Central venous cannulation - how to insert a central line
ADVANTAGES OF CENTRAL VENOUS CANNULATION
- Rapid volume loading
- Central access for vasoconstrictors and parenteral nutrition
- Continuous central venous pressure monitoring to assess response to treatment
- Allows blood sampling - central venous oxygen saturation
DISADVANTAGES OF CENTRAL VENOUS CANNULATION
- Requires compliant patient for insertion
- Higher risk of complication in children than adults
USUAL SITES OF CENTRAL VENOUS LINE INSERTION
- Femoral vein
- Right or left internal jugular veins
- Subclavian vein
COMPLICATIONS OF CENTRAL VENOUS CANNULATION
- Damage to the vein or adjacent structures such as artery or nerve
- Sedation may be required to insert the cannula
- Vein trombosis, thrombophlebitis
- Cardiac arrhythmias
EQUIPMENT REQUIRED FOR CENTRAL VENOUS CANNULATION
- Ultrasound and sterile ultrasound sheath
- Sterile trolley
- Sterile field, gloves, gown and mask
- Seldinger central line kit
- Saline flush
- Lidocaine 4ml
- Sterile dressing
- Pressure bag to attach for monitoring
CENTRAL VENOUS CANNULATION - PROCEDURE
- Identify the site of insertion
- Clean skin
- Insert local anaesthetic (lidocaine) under ultrasound guidance
- While lidocaine kicks in flush all central line lumens then clamp all lumens except Seldinger port
- Under ultrasound guidance take the Seldinger needle attached to the syringe and insert into the vein
- When blood is freely aspirated remove the syringe and immediately insert the Seldinger wire.
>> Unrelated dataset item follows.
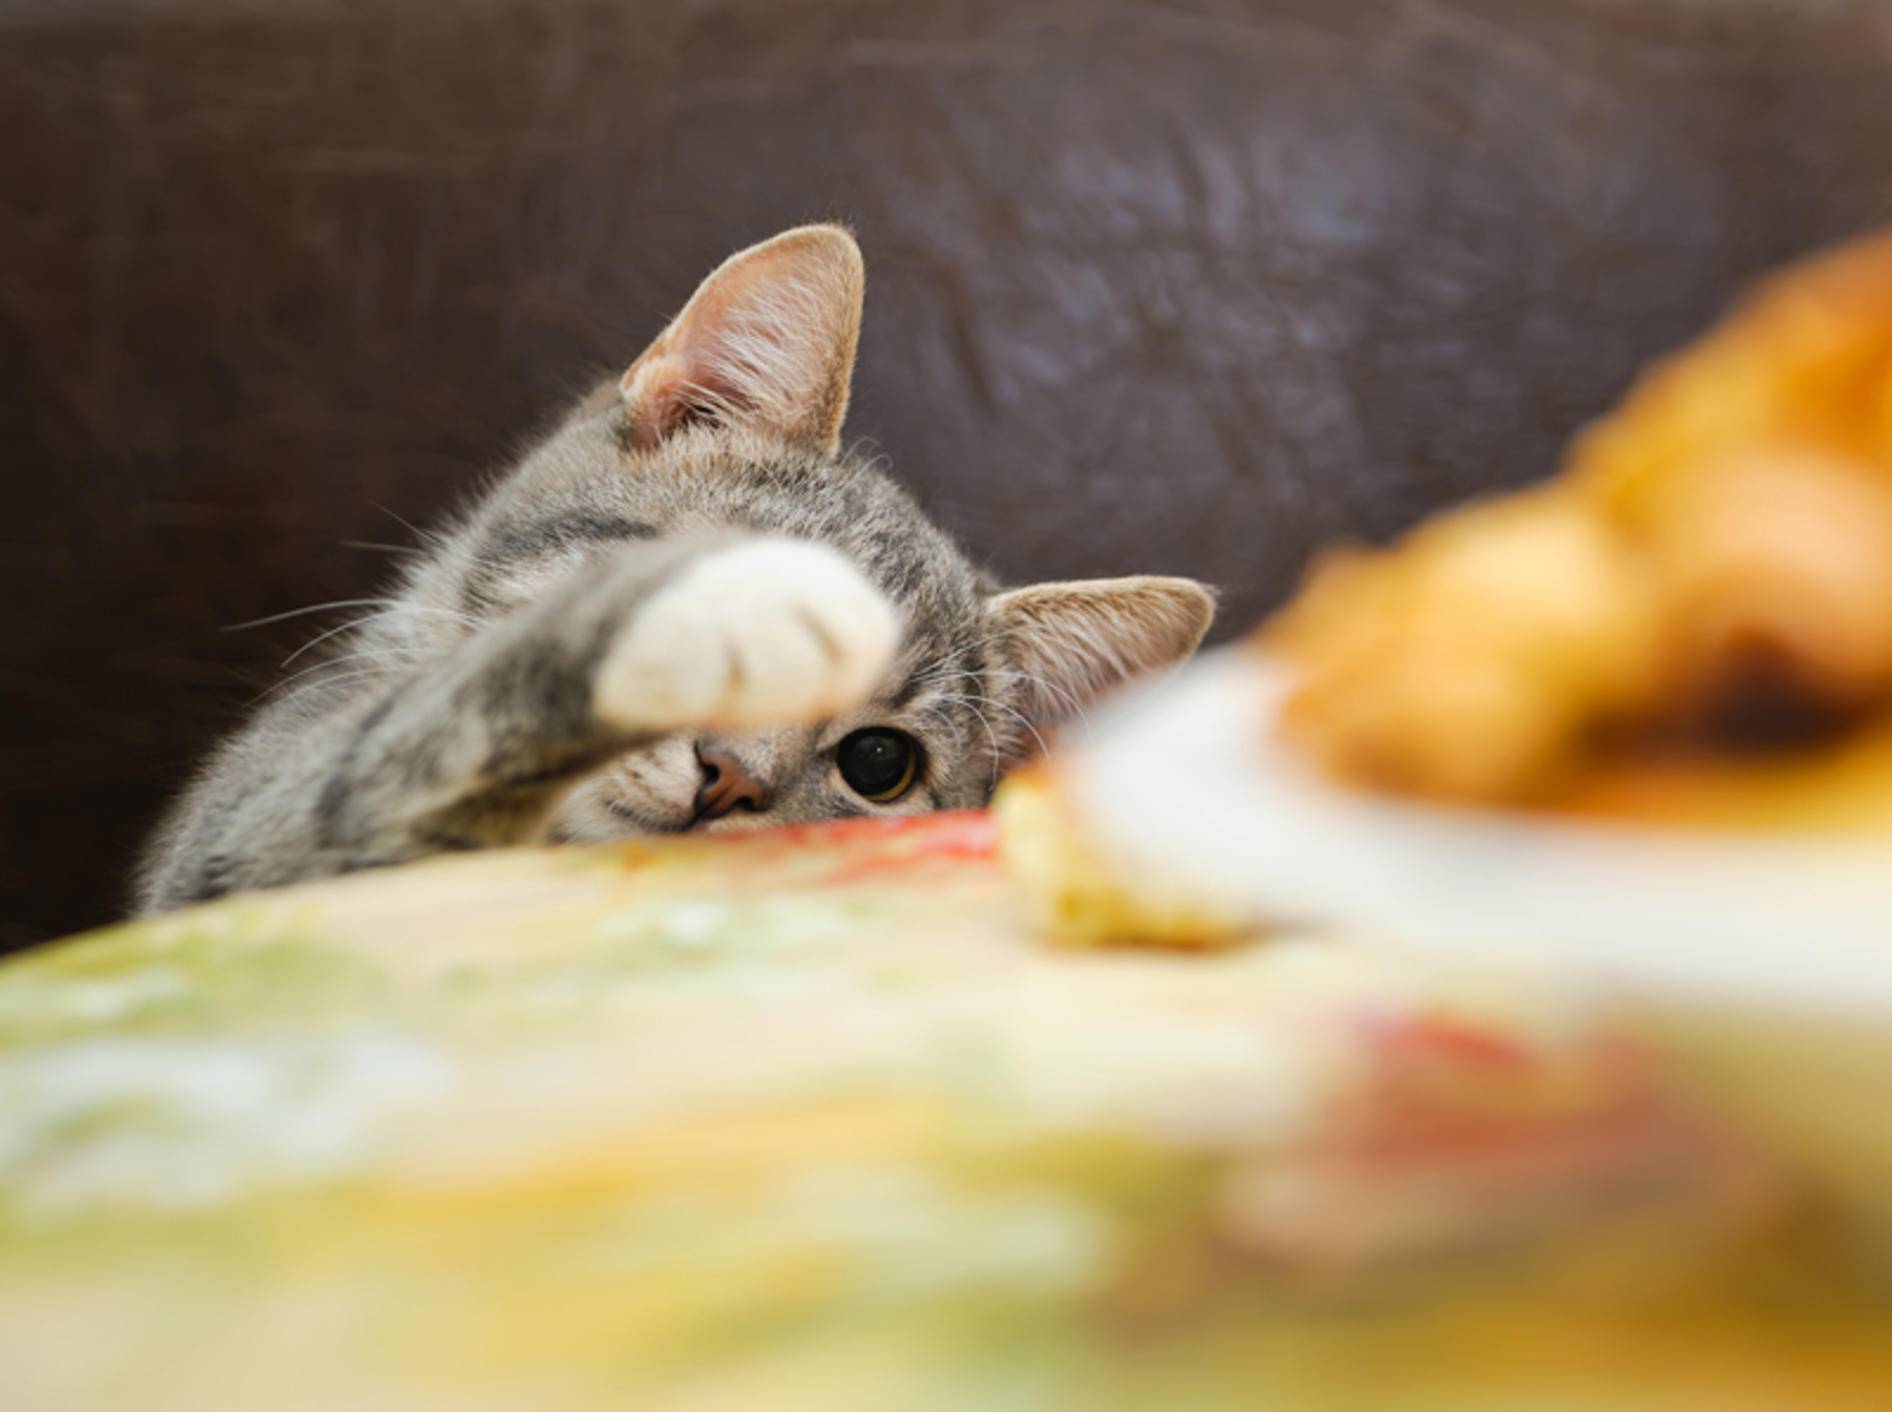 "Ich will auch ein Stück!": Katze will Essen klauen – Shutterstock / mik ulyannikov

This should pass easily if in the right place!
- Remove the needle while keeping hold of the inserted wire. Ensure that the wire stays in the vein!
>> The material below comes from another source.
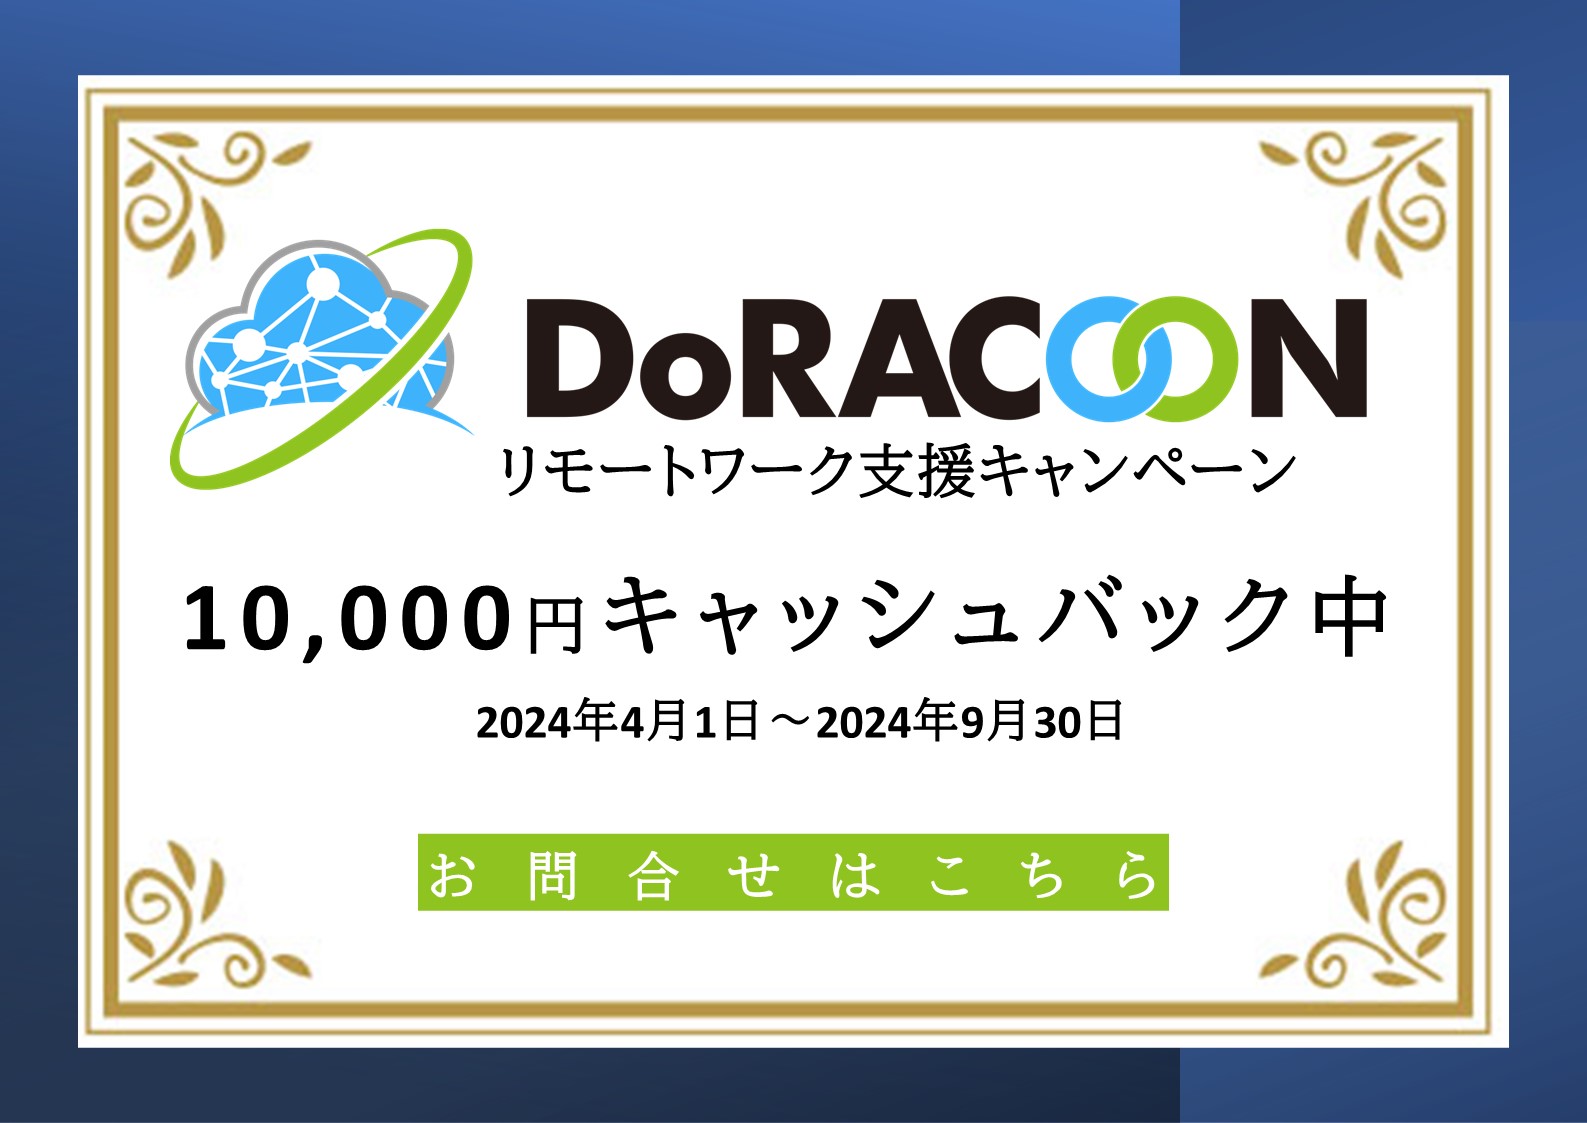 DoRACOONリモートワーク支援キャンペーン 10,000円キャッシュバック中

- Use a scalpel to make a small incision (approx 3mm) in the skin. This should be done cutting away from the wire!
- Pass the dilator over the wire and gently but firmly dilate a tract through the vein. Have swabs ready in case of bleeding!
- Remove the dilator and pass the central line over the Seldinger wire. Make sure you hold on to the end of the wire as you advance it!
- Once the central line is in place remove the wire
- Aspirate and flush all lumens, re-clamp and apply lumen caps
- Suture the line to allow 4 points of fixation
- Dress with a clear dressing but allow the point of insertion to be seen clearly!